With the pictures omitted, transcribe each line below exactly as it is.

• Data segment:

########

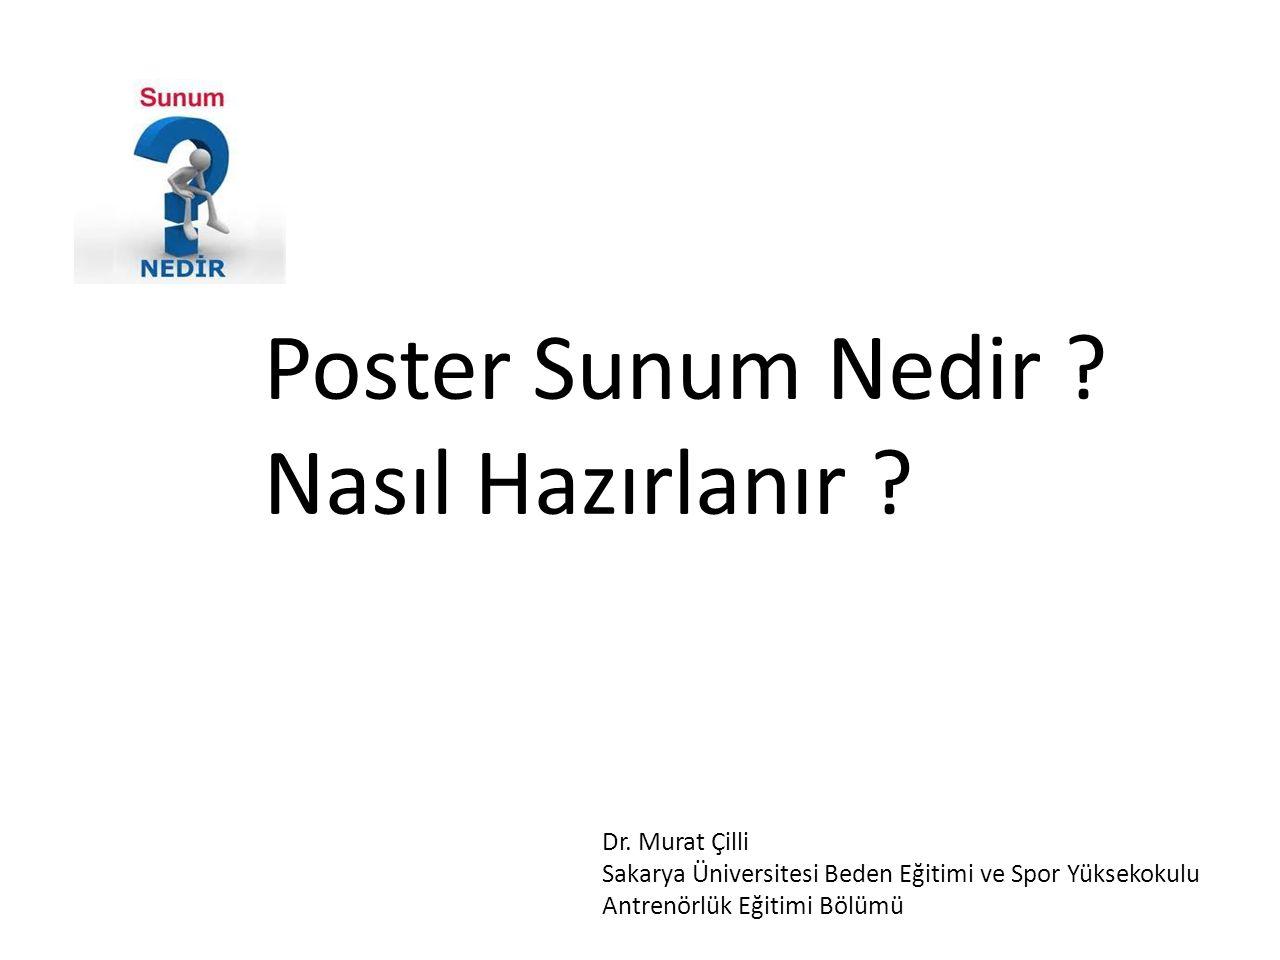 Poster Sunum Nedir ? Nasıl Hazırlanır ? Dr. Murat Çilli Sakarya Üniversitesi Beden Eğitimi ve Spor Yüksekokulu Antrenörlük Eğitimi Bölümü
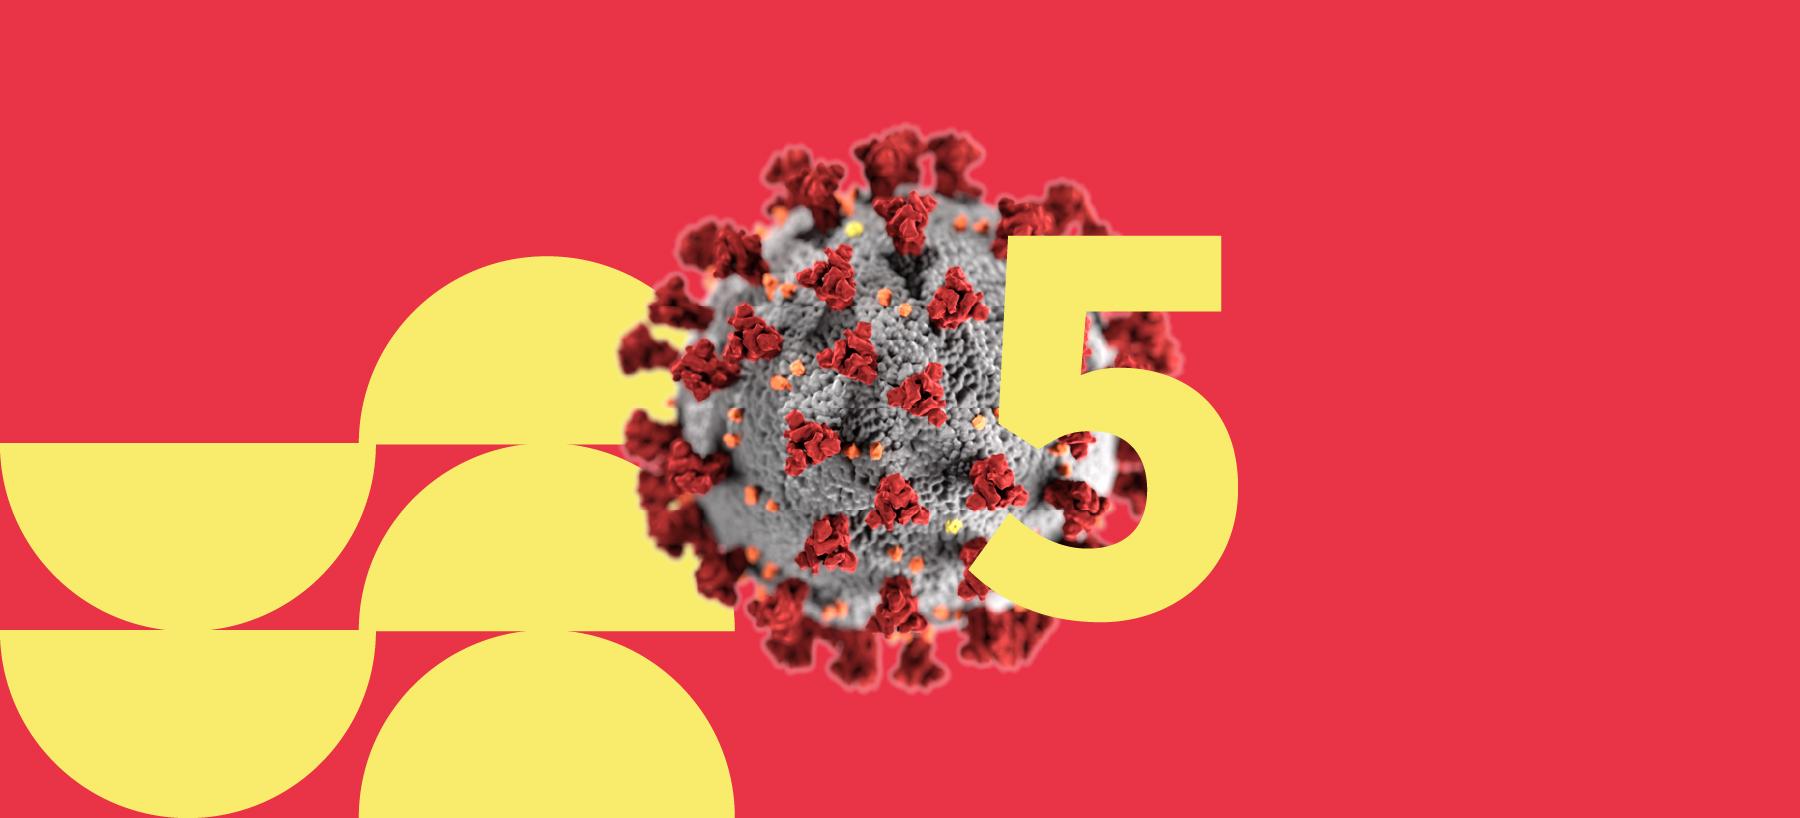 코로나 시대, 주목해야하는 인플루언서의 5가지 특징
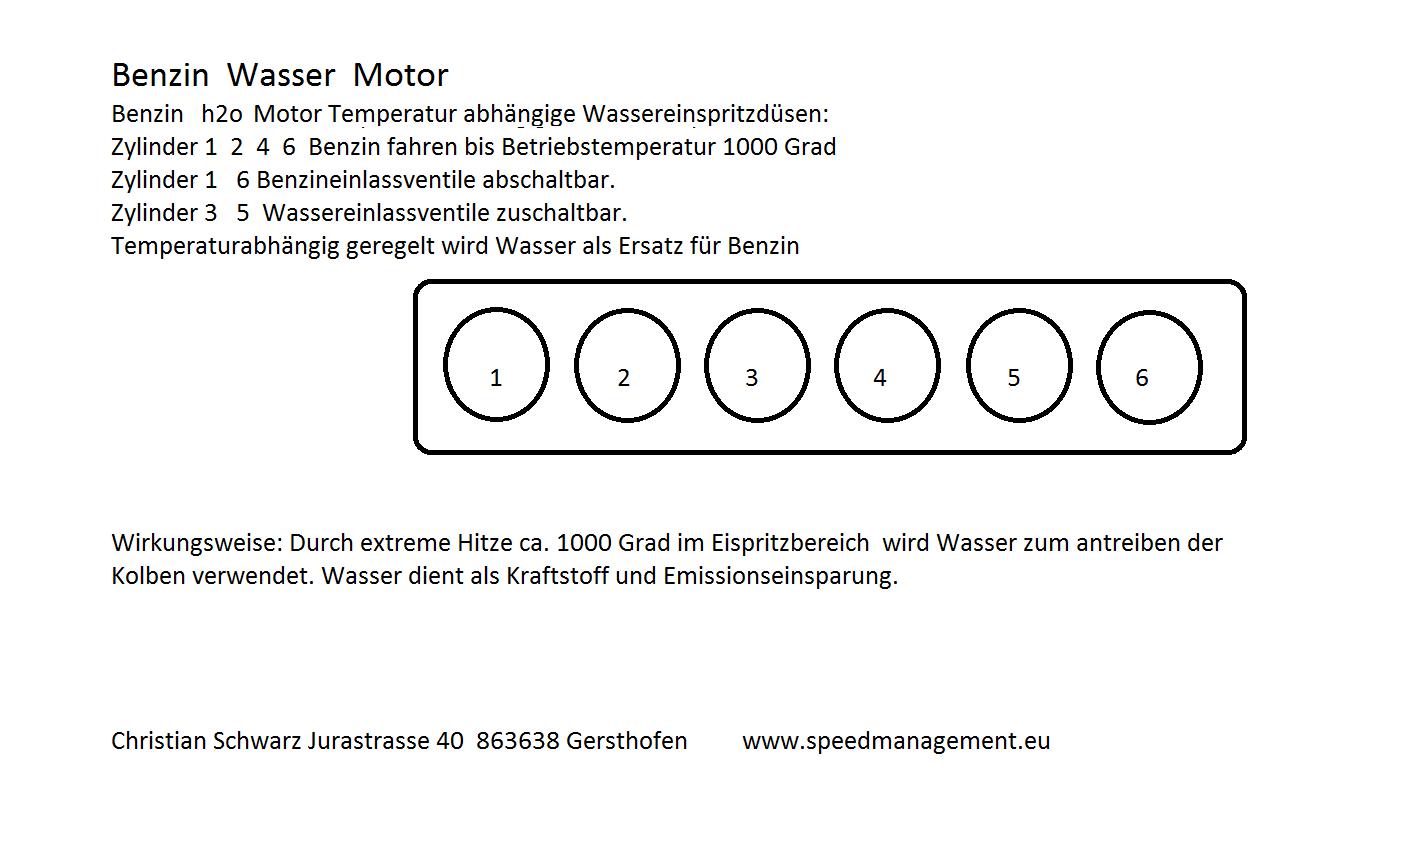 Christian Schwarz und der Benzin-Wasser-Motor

########

• Solution below:
 Poster Sunum Nedir ? Nasıl Hazırlanır ? Dr. Murat Çilli Sakarya Üniversitesi Beden Eğitimi ve Spor Yüksekokulu Antrenörlük Eğitimi Bölümü
 코로나 시대, 주목해야하는 인플루언서의 5가지 특징
 Christian Schwarz und der Benzin-Wasser-Motor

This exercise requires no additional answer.